[EXERCISE DATA]:
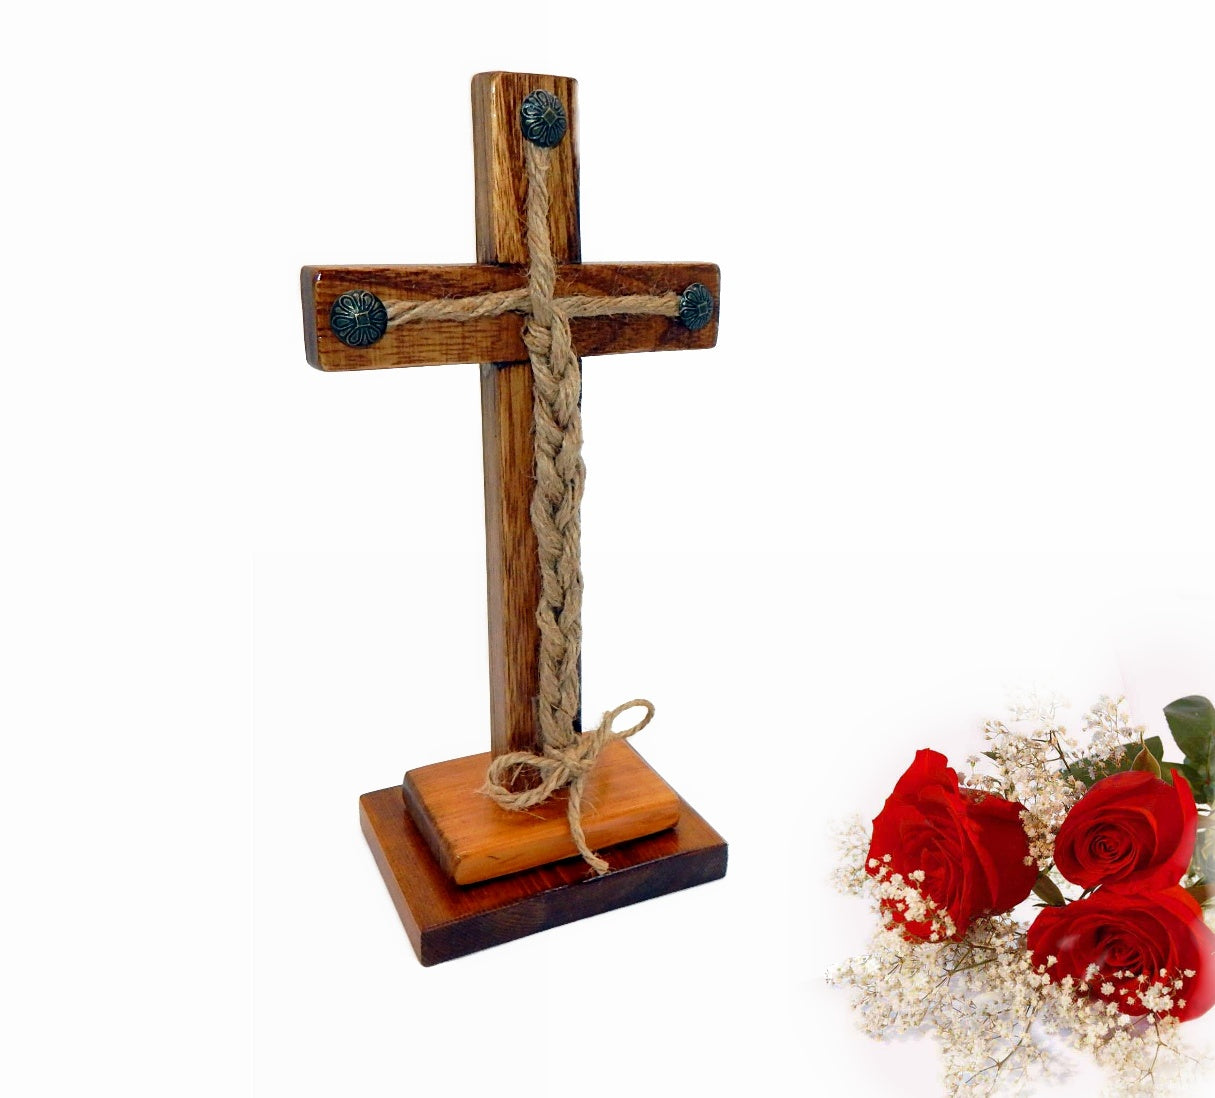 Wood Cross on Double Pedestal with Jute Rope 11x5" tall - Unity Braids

==

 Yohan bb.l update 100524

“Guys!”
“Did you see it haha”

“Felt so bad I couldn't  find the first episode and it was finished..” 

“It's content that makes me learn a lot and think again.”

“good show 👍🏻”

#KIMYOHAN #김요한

[EXERCISE BRIEF]: Taking the line with "Yohan bb.l update 100524" as the first and the line with "#KIMYOHAN #김요한" as the last, retype that stretch of the data above exactly, with no other lines.

[SOLVED EXERCISE]:
 Yohan bb.l update 100524

“Guys!”
“Did you see it haha”

“Felt so bad I couldn't  find the first episode and it was finished..” 

“It's content that makes me learn a lot and think again.”

“good show 👍🏻”

#KIMYOHAN #김요한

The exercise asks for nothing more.